Description: Membership of an integer increased by a nonnegative integer in a half- open integer range. (Contributed by Alexander van der Vekens, 22-Sep-2018)

		Ref	Expression
	Assertion	zpnn0elfzo	\|- ( ( Z e. ZZ /\ N e. NN0 ) -> ( Z + N ) e. ( Z ..^ ( ( Z + N ) + 1 ) ) )

Proof

Step	Hyp	Ref	Expression
1		uzid	\|- ( Z e. ZZ -> Z e. ( ZZ>= ` Z ) )
2	1	anim1i	\|- ( ( Z e. ZZ /\ N e. NN0 ) -> ( Z e. ( ZZ>= ` Z ) /\ N e. NN0 ) )
3		nn0z	\|- ( N e. NN0 -> N e. ZZ )
4		zaddcl	\|- ( ( Z e. ZZ /\ N e. ZZ ) -> ( Z + N ) e. ZZ )
5	3 4	sylan2	\|- ( ( Z e. ZZ /\ N e. NN0 ) -> ( Z + N ) e. ZZ )

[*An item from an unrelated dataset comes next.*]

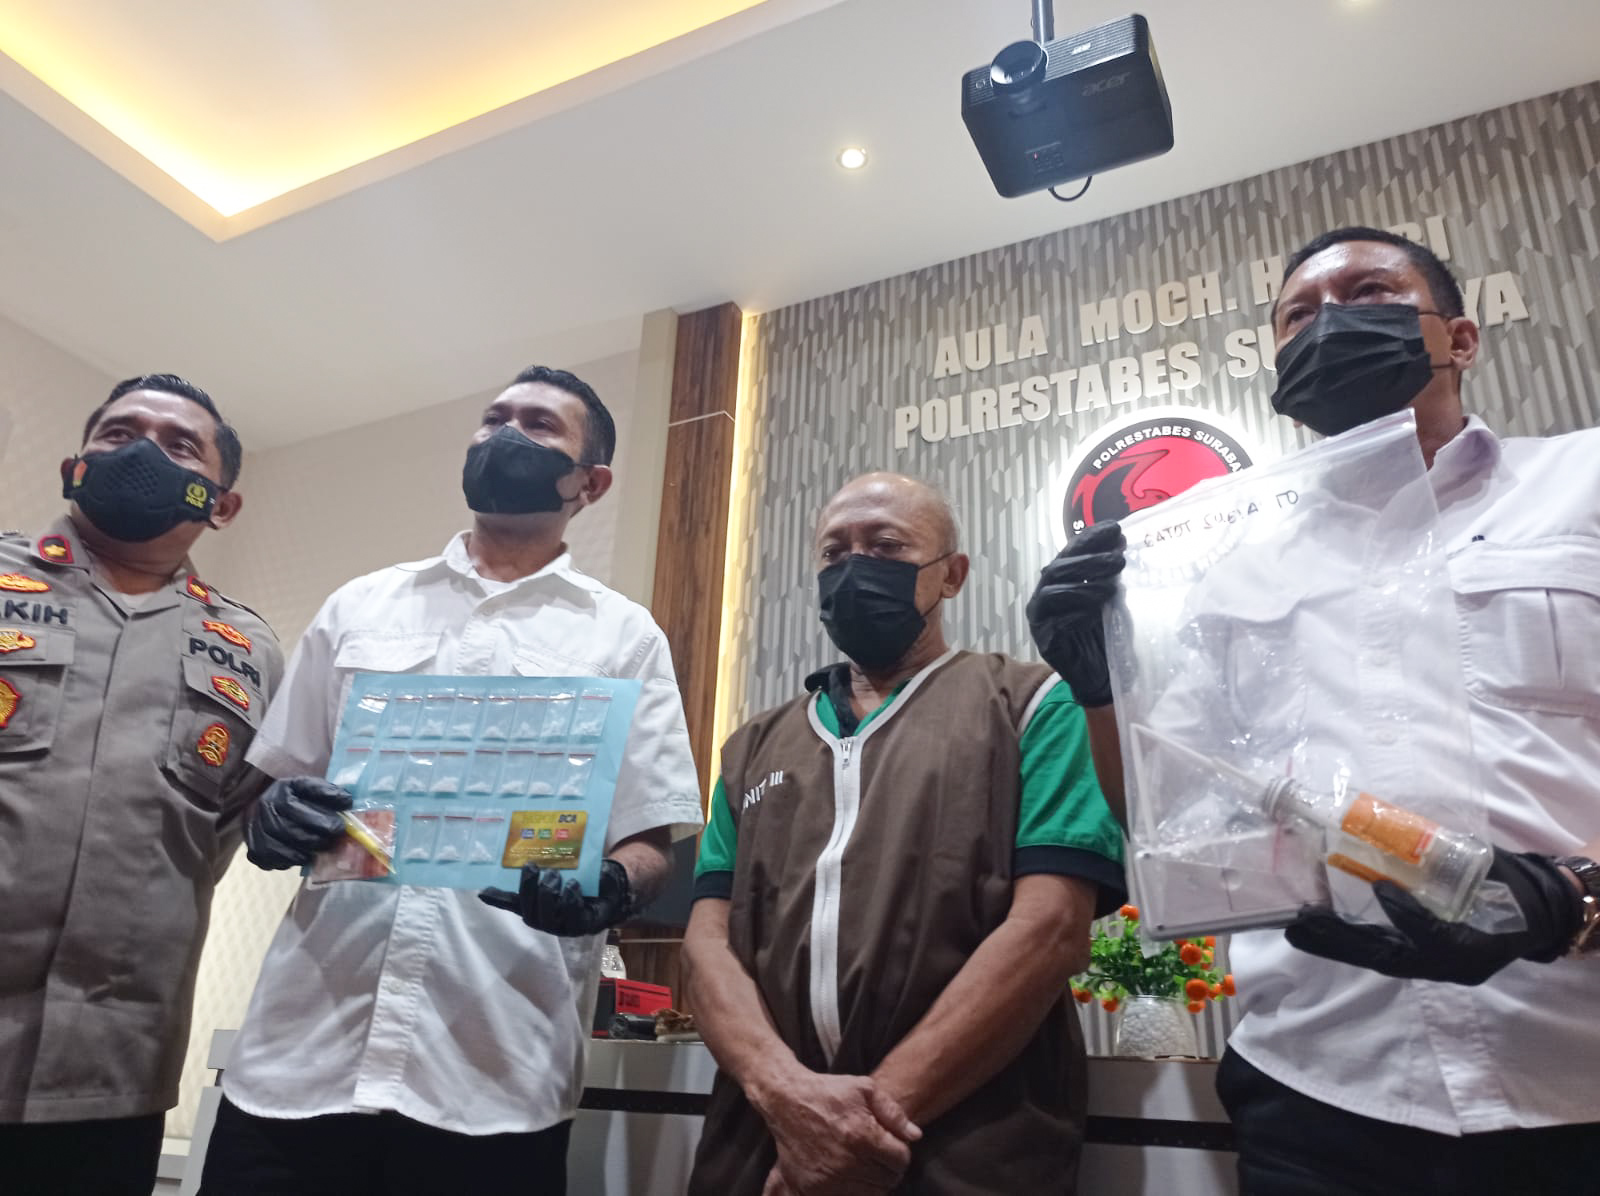 Siap Edarkan 19 Paket Sabu, Warga Srikana Gubeng Dibekuk Polisi

6		elfzomin	\|- ( ( Z + N ) e. ZZ -> ( Z + N ) e. ( ( Z + N ) ..^ ( ( Z + N ) + 1 ) ) )
7	5 6	syl	\|- ( ( Z e. ZZ /\ N e. NN0 ) -> ( Z + N ) e. ( ( Z + N ) ..^ ( ( Z + N ) + 1 ) ) )
8		uzaddcl	\|- ( ( Z e. ( ZZ>= ` Z ) /\ N e. NN0 ) -> ( Z + N ) e. ( ZZ>= ` Z ) )

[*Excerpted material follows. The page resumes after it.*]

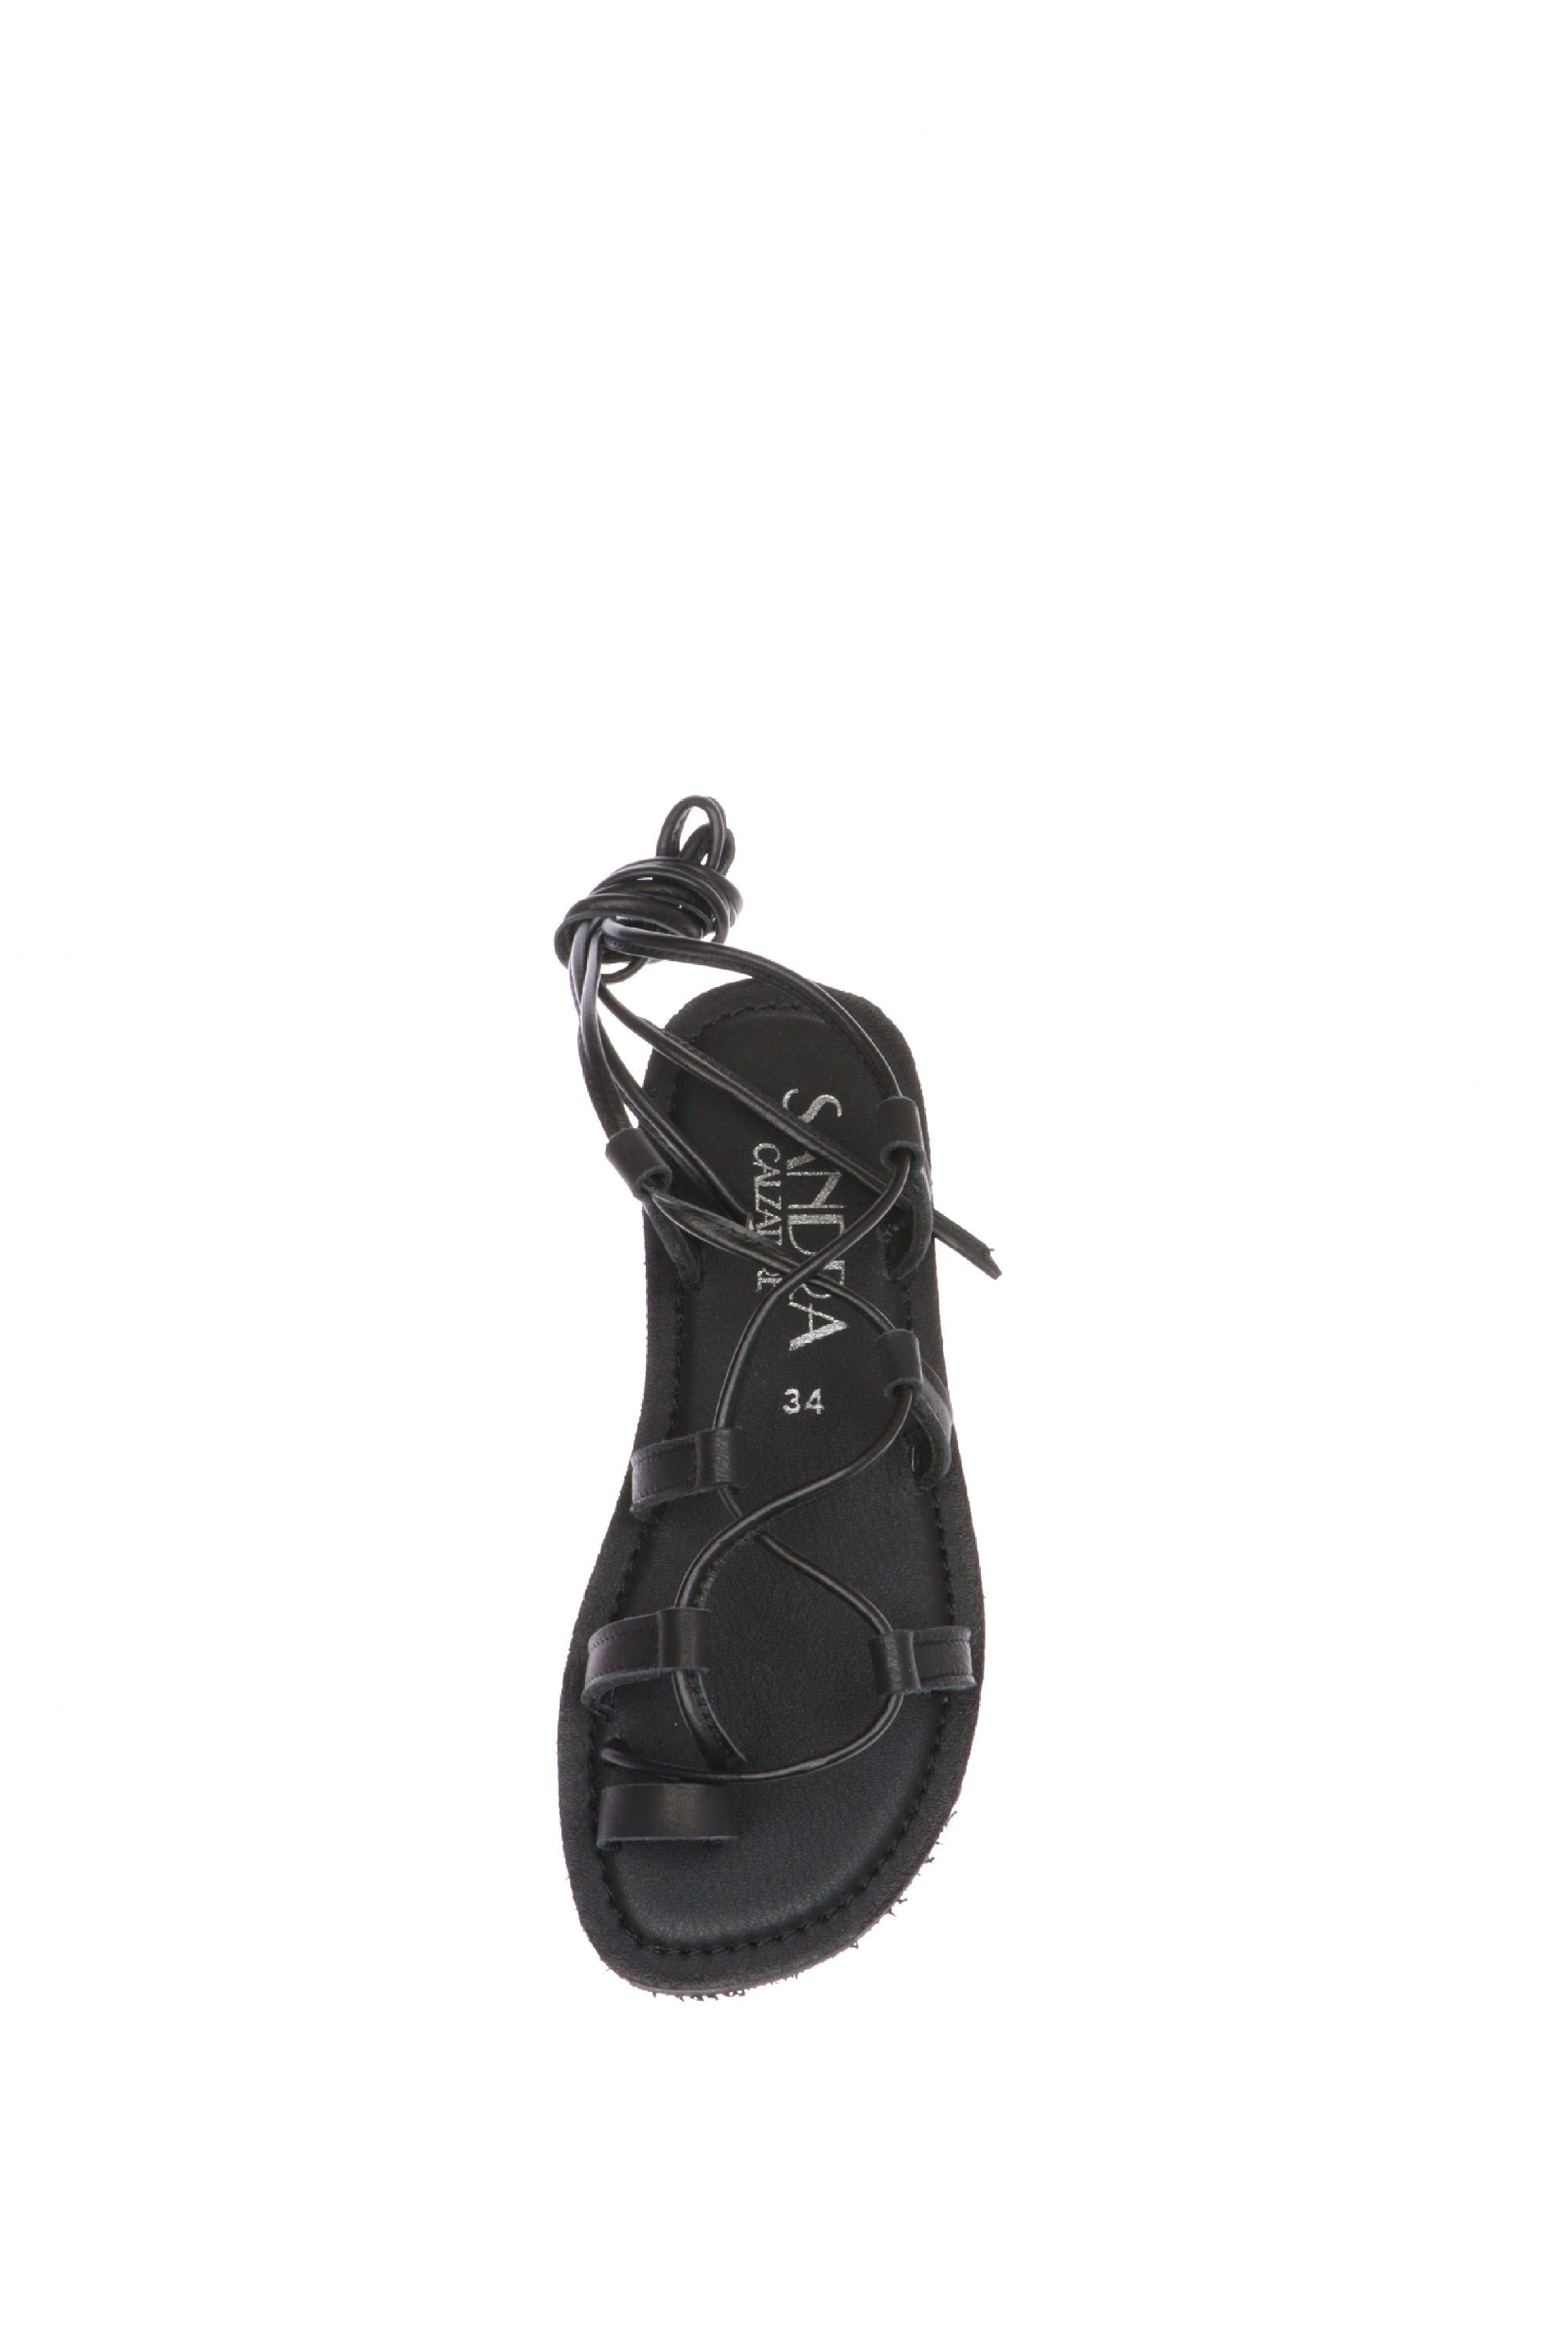 Sandalo salentino infradito nero allacciato Sandra Calzature 817

9		fzoss1	\|- ( ( Z + N ) e. ( ZZ>= ` Z ) -> ( ( Z + N ) ..^ ( ( Z + N ) + 1 ) ) C_ ( Z ..^ ( ( Z + N ) + 1 ) ) )
10	8 9	syl	\|- ( ( Z e. ( ZZ>= ` Z ) /\ N e. NN0 ) -> ( ( Z + N ) ..^ ( ( Z + N ) + 1 ) ) C_ ( Z ..^ ( ( Z + N ) + 1 ) ) )
11	10	sselda	\|- ( ( ( Z e. ( ZZ>= ` Z ) /\ N e. NN0 ) /\ ( Z + N ) e. ( ( Z + N ) ..^ ( ( Z + N ) + 1 ) ) ) -> ( Z + N ) e. ( Z ..^ ( ( Z + N ) + 1 ) ) )
12	2 7 11	syl2anc	\|- ( ( Z e. ZZ /\ N e. NN0 ) -> ( Z + N ) e. ( Z ..^ ( ( Z + N ) + 1 ) ) )